Deploy your own LLM with Ollama & Huggingface Chat UI on Salad
How much does it cost to build and deploy a ChatGPT-like product today? The cost could be anywhere from thousands to millions – depending on the model, infrastructure and use case. Even the same task could cost anywhere from $1000 to $100,000. But with the advancement of open-source models & open infrastructure, there’s been tremendous interest in building a cost-efficient ChatGPT-like tool for various real-life applications. In this article, we explore how tools like Ollama and Huggingface Chat UI can simplify this process, particularly when deployed on Salad’s distributed cloud infrastructure.
The challenges in hosting & implementing LLMs
In today’s digital ecosystem, Large Language Models (LLMs) have revolutionized various sectors, including technology, healthcare, education, and customer service. Their ability to understand and generate human-like text has made them immensely popular, driving innovations in chatbots, content creation, and more. These models, with their vast knowledge bases and sophisticated algorithms, can converse, comprehend complex topics, write code, and even compose poetry. This makes them highly versatile tools for many enterprise & everyday use-cases.
However, hosting and implementing these LLMs poses significant challenges.
- Sourcing computational power required since these models can often have billions of parameters and demand robust infrastructure.
- Managing costs while ensuring performance since the choice between API calls, managed LLMs and custom LLMs on a cloud can change cost significantly.
- Integrating LLMs into existing systems requires a deep understanding of machine learning, natural language processing, and software engineering.
- Ensuring privacy, ethics, accuracy & relevance with robust data privacy, ethical handling of user inputs, maintaining model accuracy/relevance with ongoing training.

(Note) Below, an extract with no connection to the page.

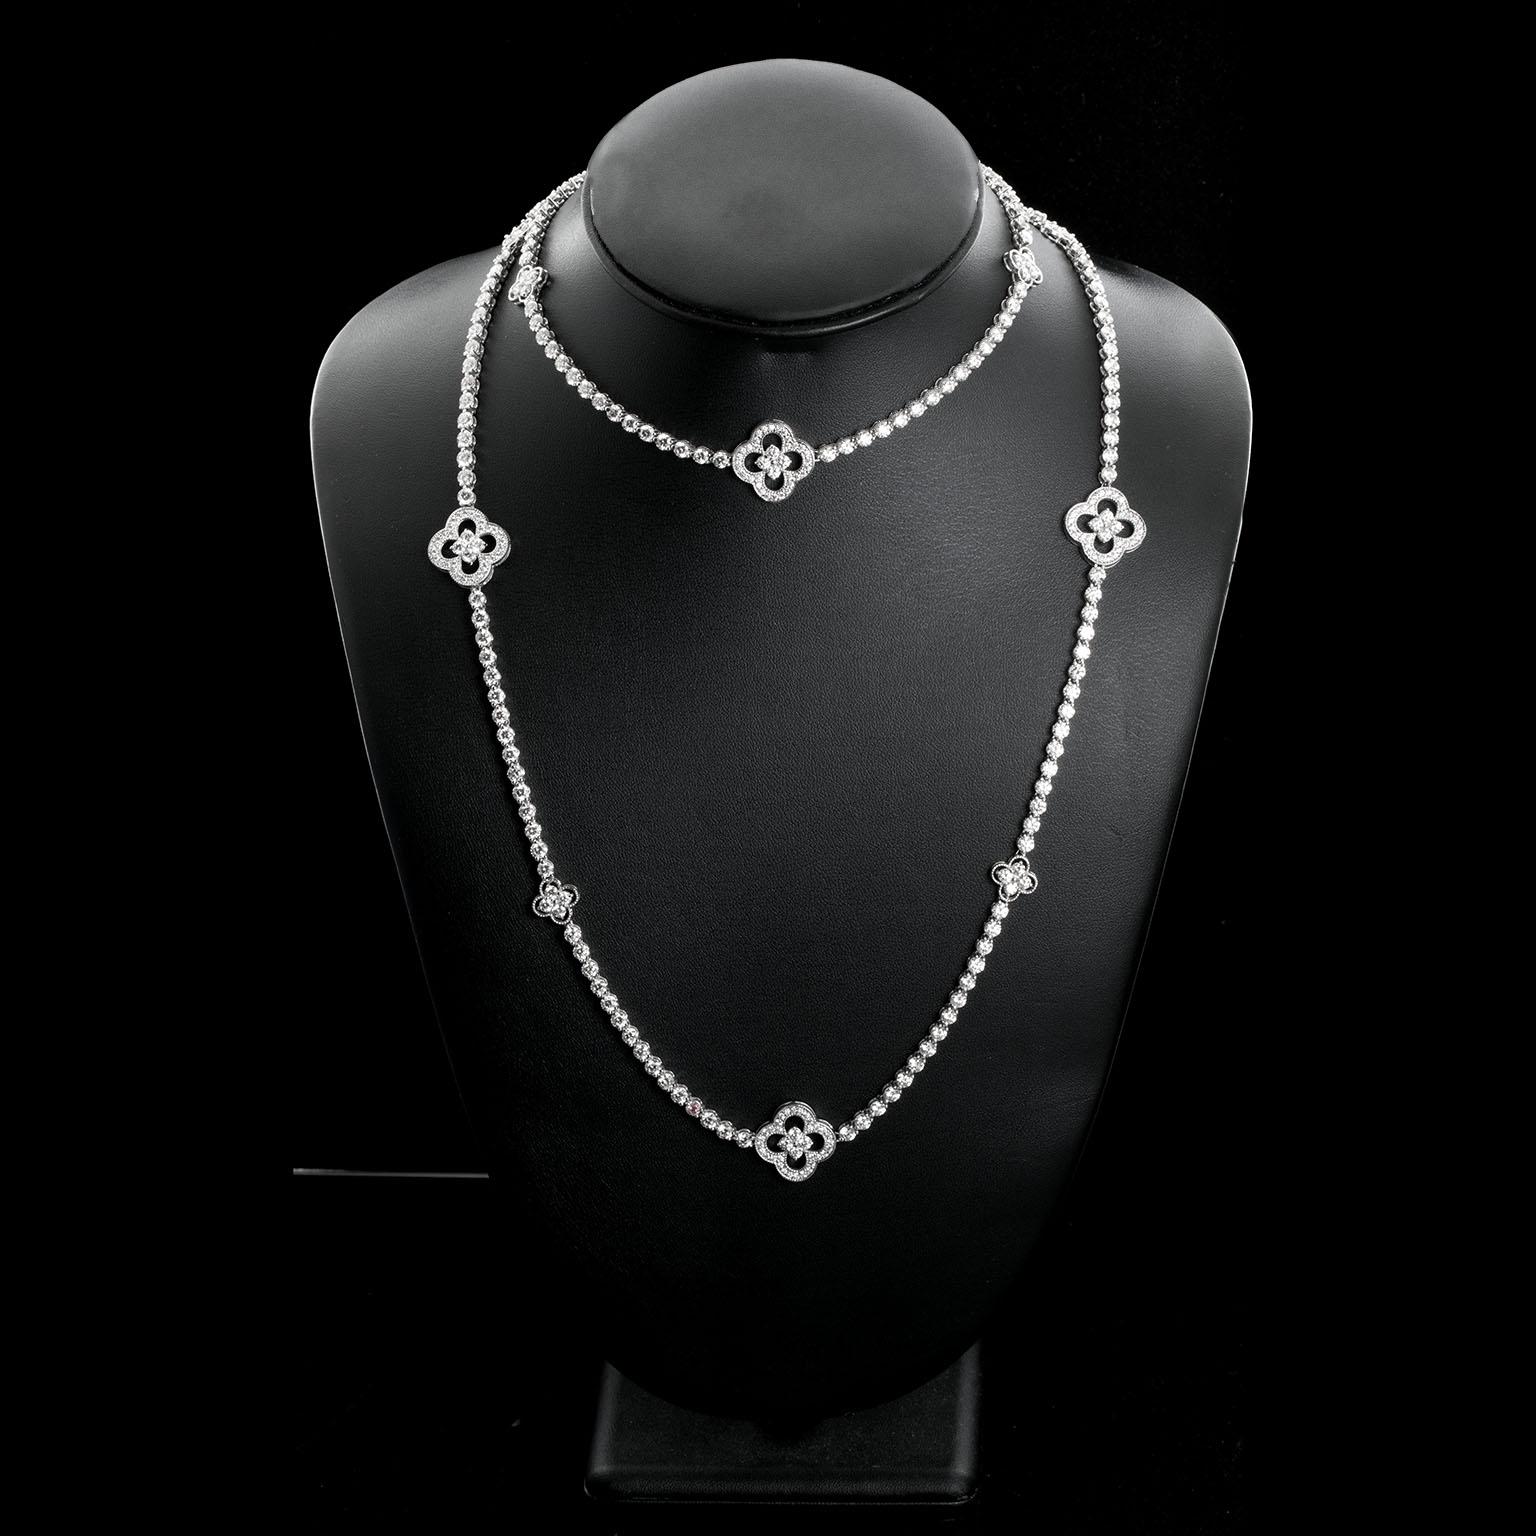 .33 carat diamond necklace

Despite these challenges, the integration of LLMs into platforms continues to grow, driven by their vast potential and the continuous advancements in the field. As solutions like Hugging Face’s Chat UI
and SaladCloud offer more accessible and efficient ways to deploy these models, we’re likely to see an even greater adoption and innovation across industries.
What is Ollama?
Ollama is a tool that enables the local execution of open-source large language models like Llama 2 and Mistral 7B on various operating systems, including Mac OS, Linux, and soon Windows. It simplifies the process of running LLMs by allowing users to execute models with a simple terminal command or an API call.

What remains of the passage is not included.